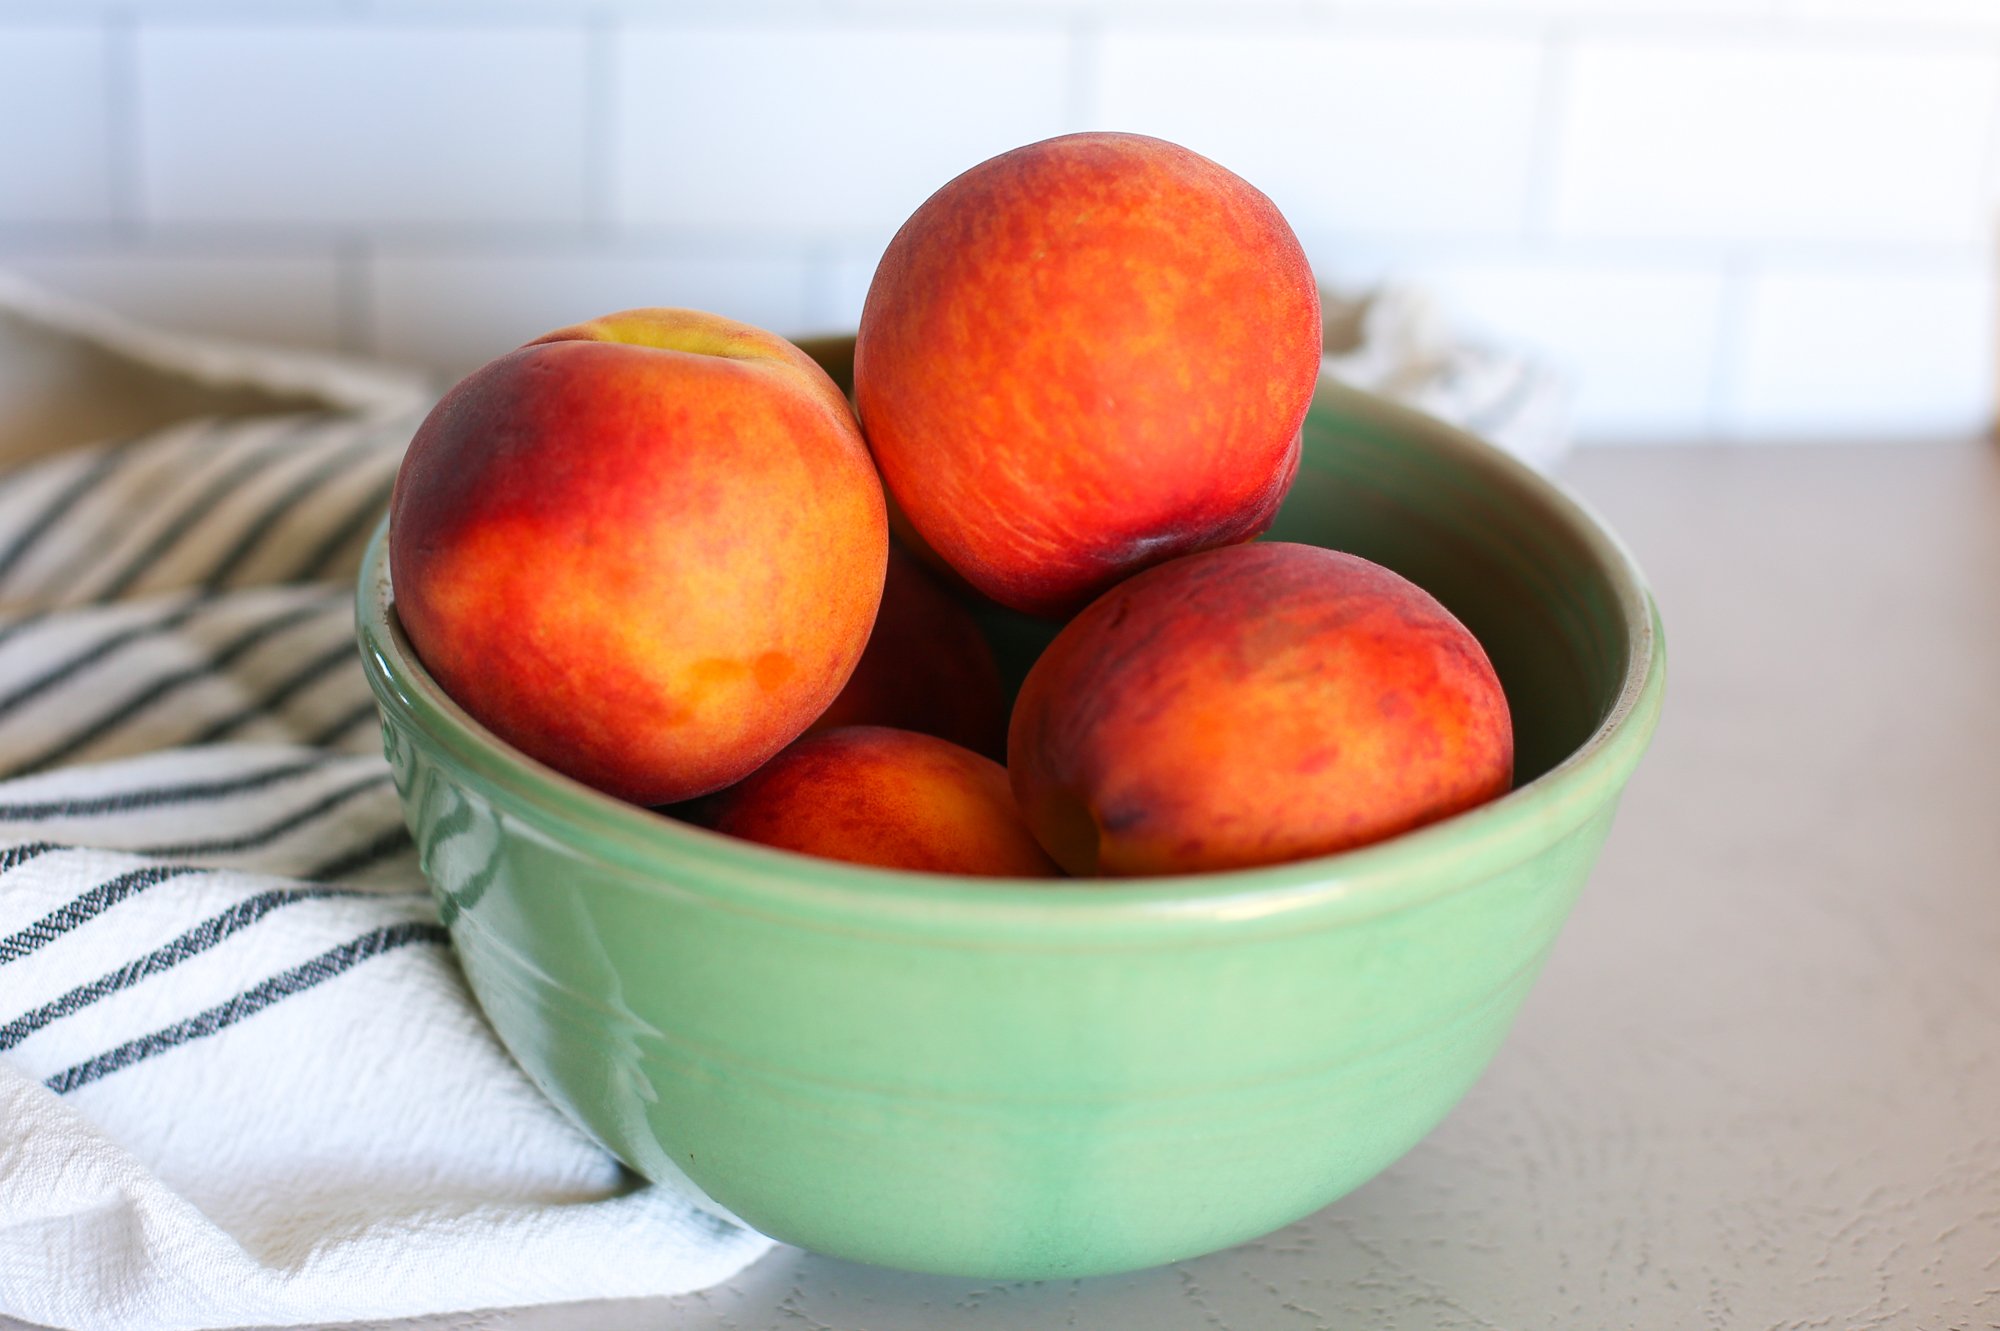 Fresh, whole peaches in a green bowl on a counter.
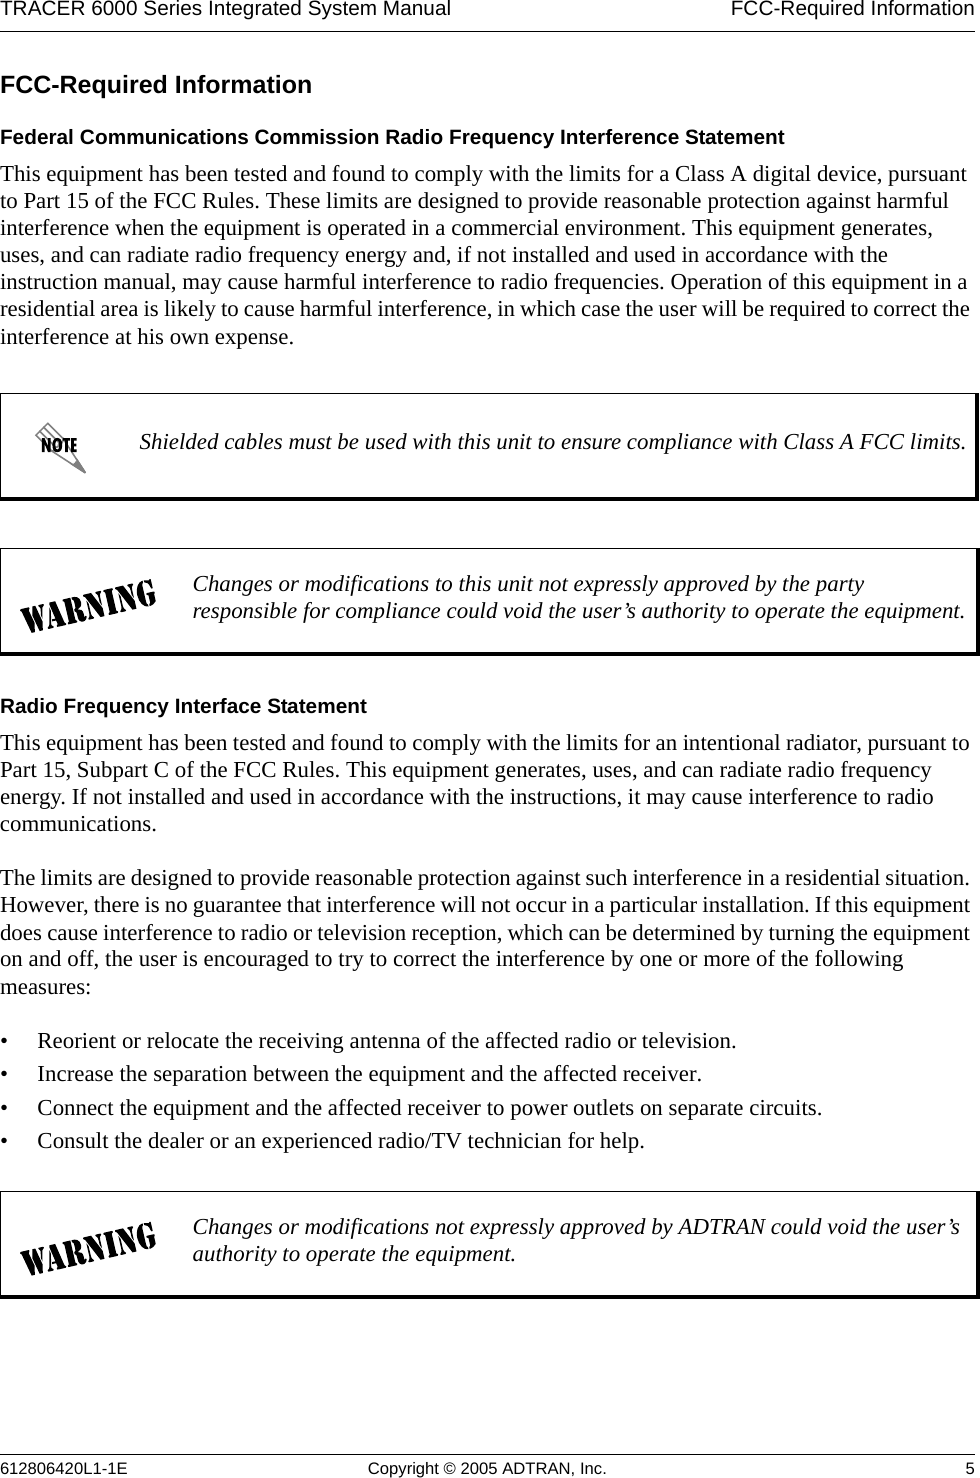 TRACER 6000 Series Integrated System Manual  FCC-Required Information612806420L1-1E Copyright © 2005 ADTRAN, Inc. 5FCC-Required InformationFederal Communications Commission Radio Frequency Interference StatementThis equipment has been tested and found to comply with the limits for a Class A digital device, pursuant to Part 15 of the FCC Rules. These limits are designed to provide reasonable protection against harmful interference when the equipment is operated in a commercial environment. This equipment generates, uses, and can radiate radio frequency energy and, if not installed and used in accordance with the instruction manual, may cause harmful interference to radio frequencies. Operation of this equipment in a residential area is likely to cause harmful interference, in which case the user will be required to correct the interference at his own expense.Radio Frequency Interface StatementThis equipment has been tested and found to comply with the limits for an intentional radiator, pursuant to Part 15, Subpart C of the FCC Rules. This equipment generates, uses, and can radiate radio frequency energy. If not installed and used in accordance with the instructions, it may cause interference to radio communications.The limits are designed to provide reasonable protection against such interference in a residential situation. However, there is no guarantee that interference will not occur in a particular installation. If this equipment does cause interference to radio or television reception, which can be determined by turning the equipment on and off, the user is encouraged to try to correct the interference by one or more of the following measures: • Reorient or relocate the receiving antenna of the affected radio or television.• Increase the separation between the equipment and the affected receiver.• Connect the equipment and the affected receiver to power outlets on separate circuits.• Consult the dealer or an experienced radio/TV technician for help.Shielded cables must be used with this unit to ensure compliance with Class A FCC limits.Changes or modifications to this unit not expressly approved by the party responsible for compliance could void the user’s authority to operate the equipment.Changes or modifications not expressly approved by ADTRAN could void the user’s authority to operate the equipment.
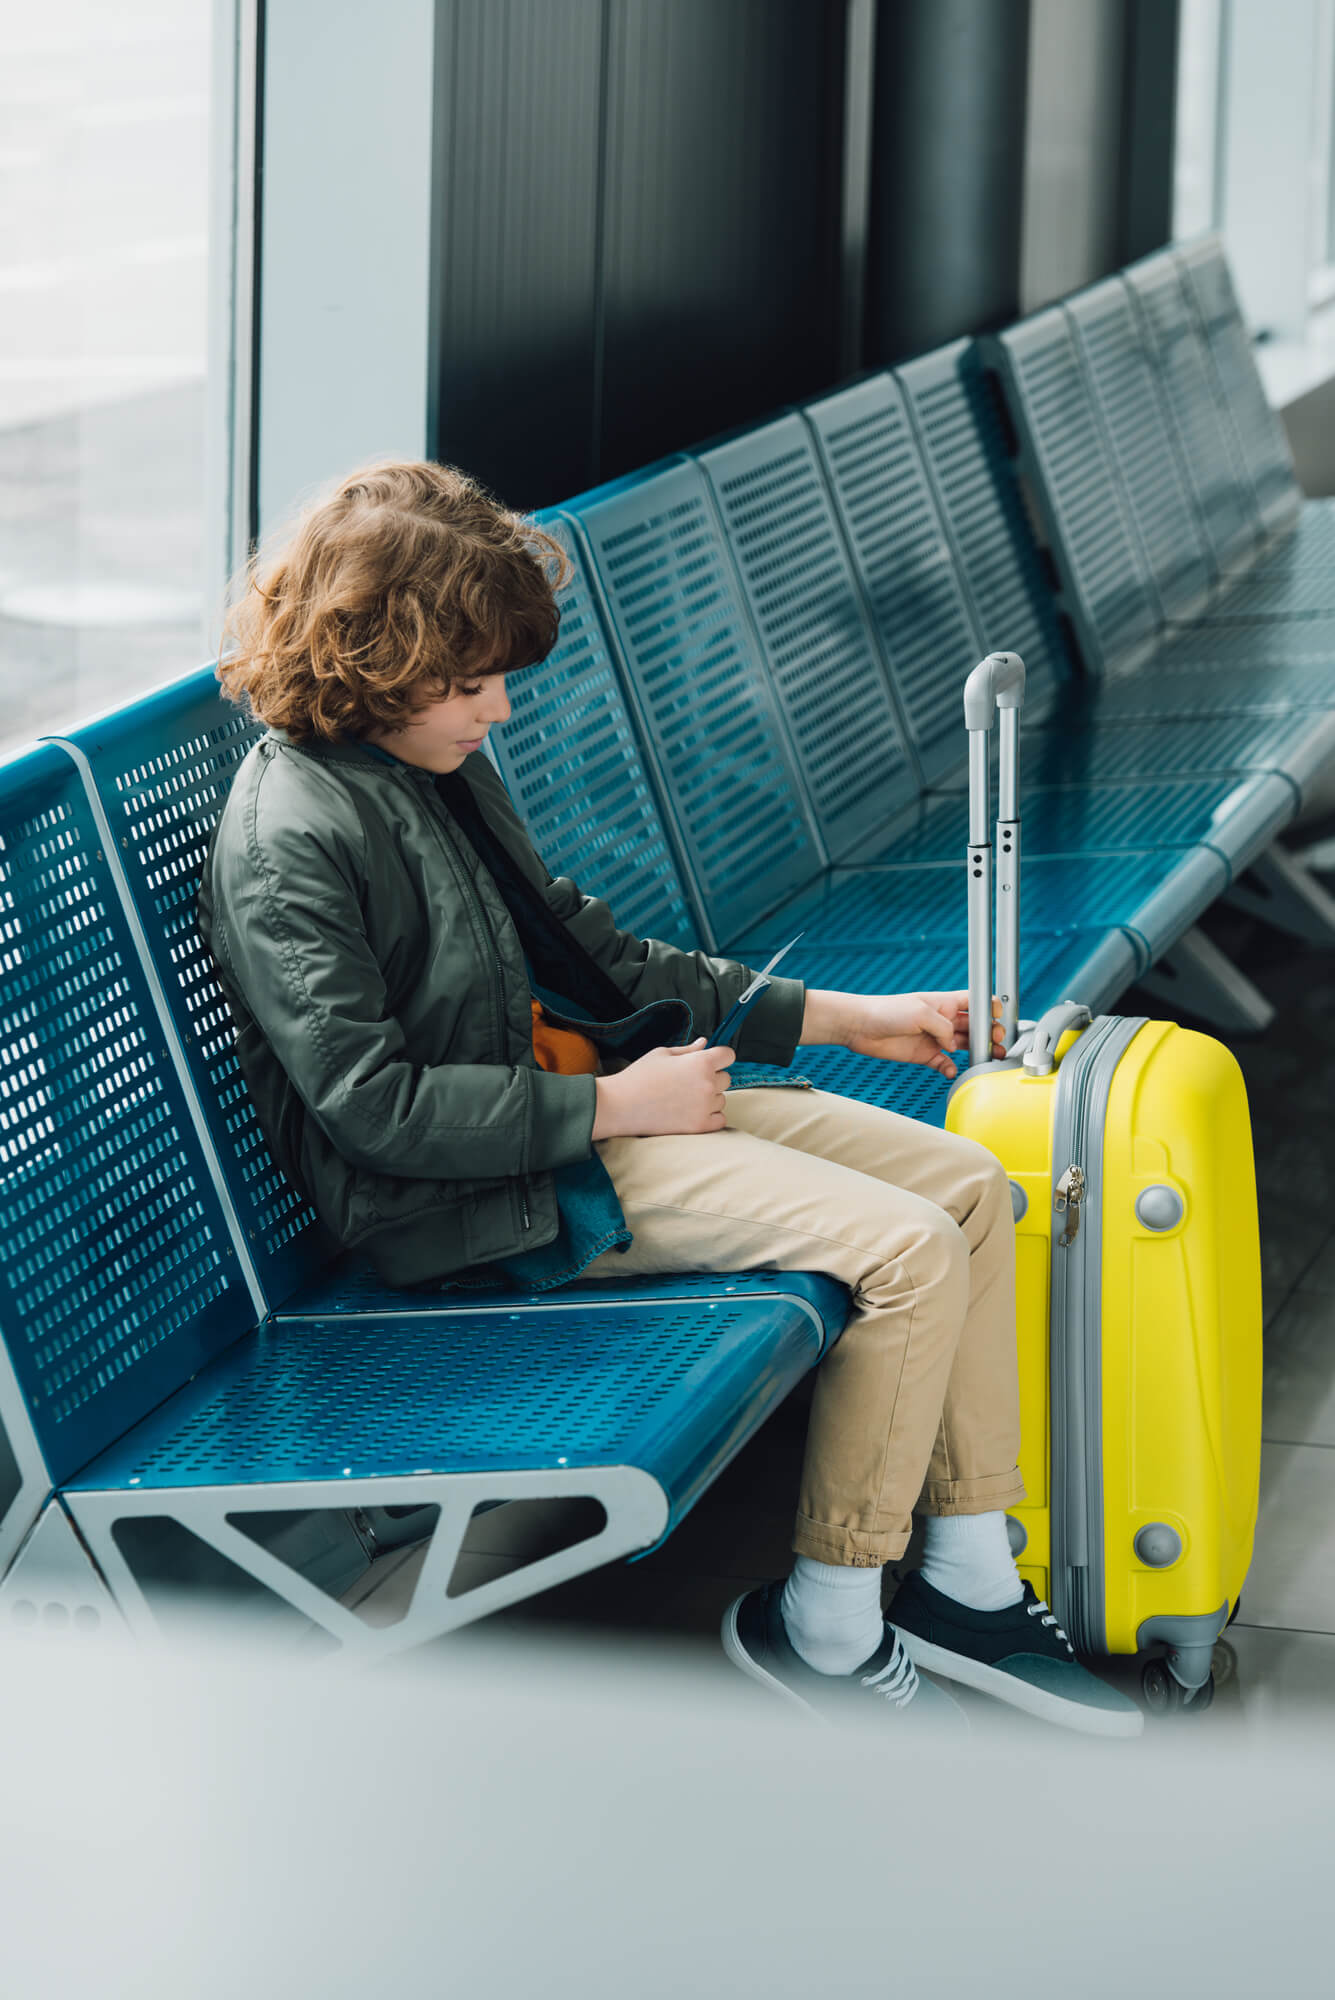 Best Scooter Luggage: Cruise Around the Airport in Style

WORK ITEM
Print out the material word for word, omitting the pictures.

RESULT OF THE EXERCISE
 Fresh, whole peaches in a green bowl on a counter.
 TRACER 6000 Series Integrated System Manual  FCC-Required Information612806420L1-1E Copyright © 2005 ADTRAN, Inc. 5FCC-Required InformationFederal Communications Commission Radio Frequency Interference StatementThis equipment has been tested and found to comply with the limits for a Class A digital device, pursuant to Part 15 of the FCC Rules. These limits are designed to provide reasonable protection against harmful interference when the equipment is operated in a commercial environment. This equipment generates, uses, and can radiate radio frequency energy and, if not installed and used in accordance with the instruction manual, may cause harmful interference to radio frequencies. Operation of this equipment in a residential area is likely to cause harmful interference, in which case the user will be required to correct the interference at his own expense.Radio Frequency Interface StatementThis equipment has been tested and found to comply with the limits for an intentional radiator, pursuant to Part 15, Subpart C of the FCC Rules. This equipment generates, uses, and can radiate radio frequency energy. If not installed and used in accordance with the instructions, it may cause interference to radio communications.The limits are designed to provide reasonable protection against such interference in a residential situation. However, there is no guarantee that interference will not occur in a particular installation. If this equipment does cause interference to radio or television reception, which can be determined by turning the equipment on and off, the user is encouraged to try to correct the interference by one or more of the following measures: • Reorient or relocate the receiving antenna of the affected radio or television.• Increase the separation between the equipment and the affected receiver.• Connect the equipment and the affected receiver to power outlets on separate circuits.• Consult the dealer or an experienced radio/TV technician for help.Shielded cables must be used with this unit to ensure compliance with Class A FCC limits.Changes or modifications to this unit not expressly approved by the party responsible for compliance could void the user’s authority to operate the equipment.Changes or modifications not expressly approved by ADTRAN could void the user’s authority to operate the equipment.
 Best Scooter Luggage: Cruise Around the Airport in Style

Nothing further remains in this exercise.